La Ryder Cup, cuyas sedes ya están designadas hasta 2037, dificilmente vendrá alguna vez a Quail Hollow, en Charlotte, si uno mira el palmarés. A las cuatro victorias de Rory Mcilroy, a la del año pasado del austriaco Sepp Straka se sumó el domingo la de Kristoffer Reitan en el Truist Championship. El nórdico puso orden en una lista en la que de los cinco primeros, sólo Rickie Fowler no era europeo.
La victoria de Reitan, al que le une un vínculo con España porque es socio de Valderrama e íntimo amigo de Ángel Ayora, llegó a base de una remontada. Tiró 69 golpes y arruinó el sueño de Alex Fitzpatrick, que pretendía seguir con el mes fantástico de la familia. Matt y el hermano pequeño, que acabó cuatro (73), ganaron hace 15 días en Nueva Orleans por parejas y hace cinco Alex ganó en la India y tras el Masters, Matt el RBC Heritage. (Resultados)
Sobrino de una de las familias más ricas de Noruega, propietaria de varios supermercados en este país y algunos del Báltico, el joven viajaba con frecuencia en jet privado para entrenarse en la Costa del Sol. Antes de saltar al DP World Tour, en 2022, se tomó seis meses sabáticos quemado de este deporte, pero regresó y lo hizo con brillantez.
Hasta el Masters de Augusta, donde merodeó por la cabeza en la última jornada, llevaba un año discretísimo en el PGA Tour, pero la inercia cogida el año pasado en Europa, cuando ganó el Soudal y el Nedbank, lo que le proyectó a hacer las Américas le ha sido suficiente. Su irrupción fue antológica.
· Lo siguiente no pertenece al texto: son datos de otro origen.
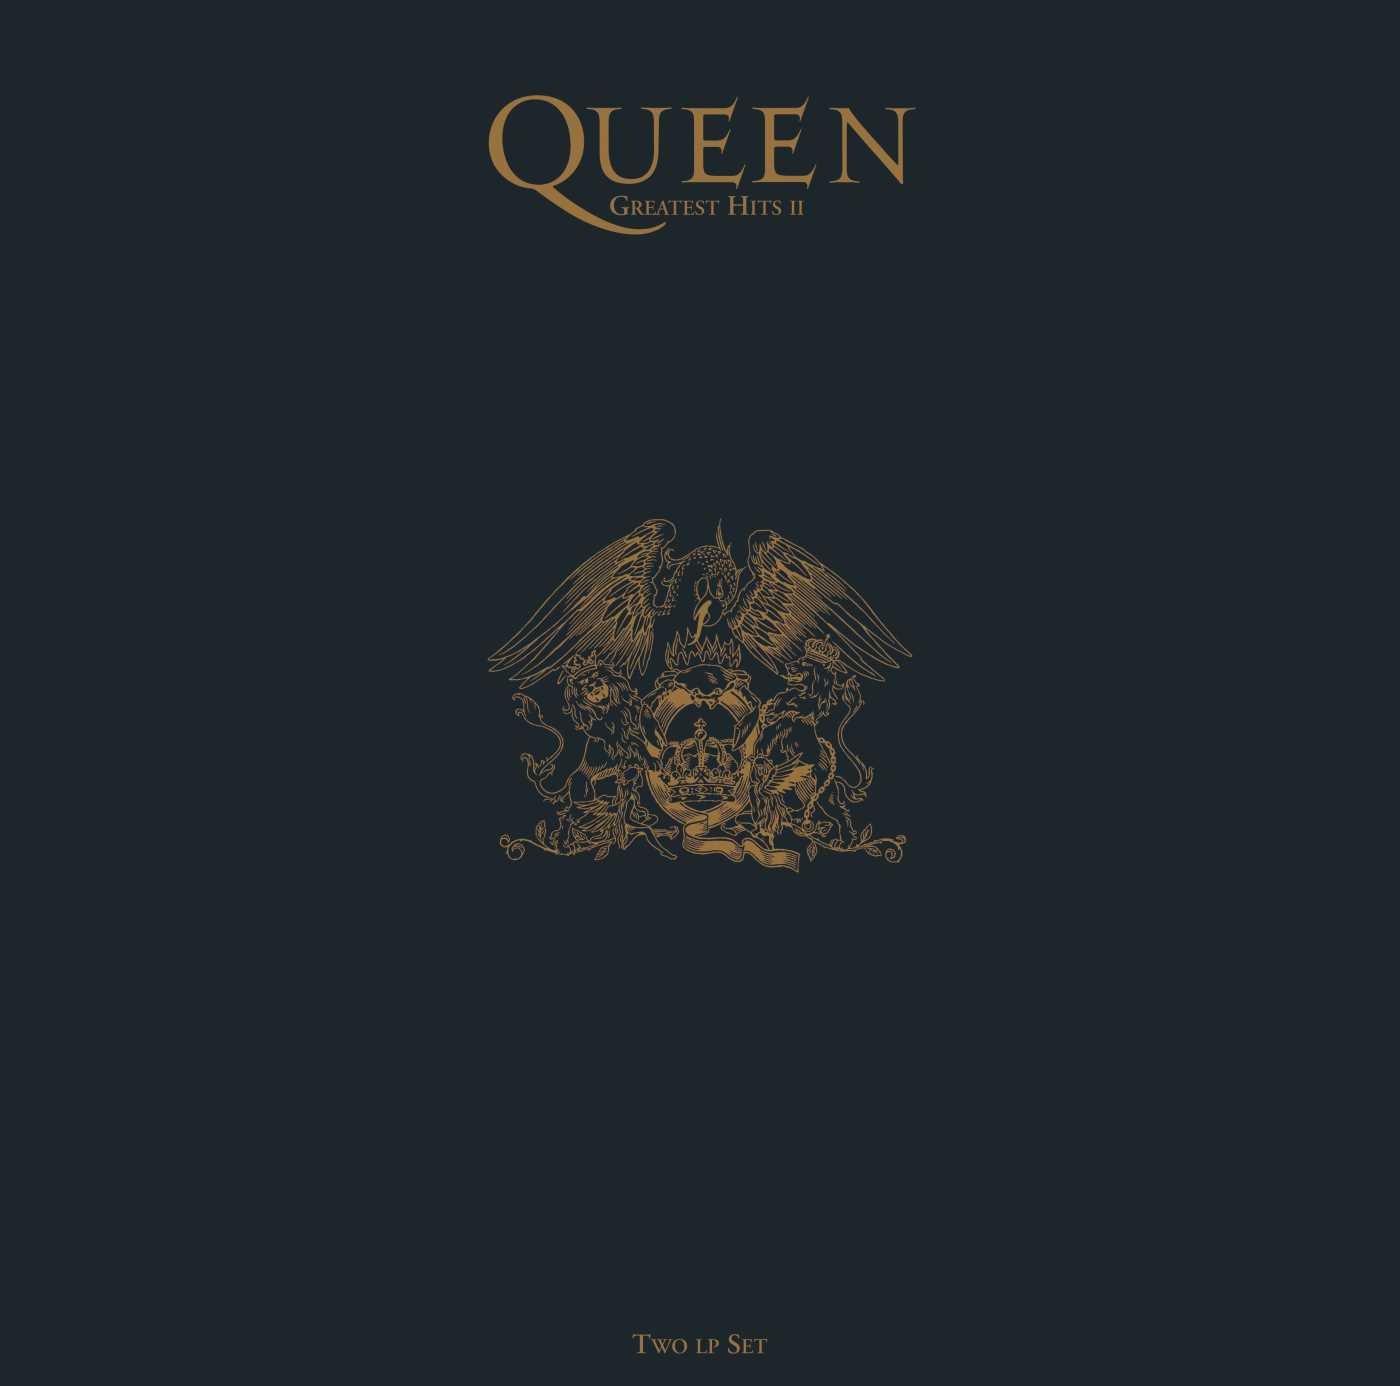 flac mix hits of queen

En Bélgica ganó con un 62. A la semana siguiente, en Austria, fue segundo en otro domingo de antología con 60 golpes.
Se convierte en el segundo noruego en ganar en el PGA Tour tras Viktor Hovland. Y potencialmente es un golfista a vigilar para la siguiente edición de la Ryder Cup. Noruega, con 5,6 millones de habitantes, sigue sorprendiendo al mundo con su deporte.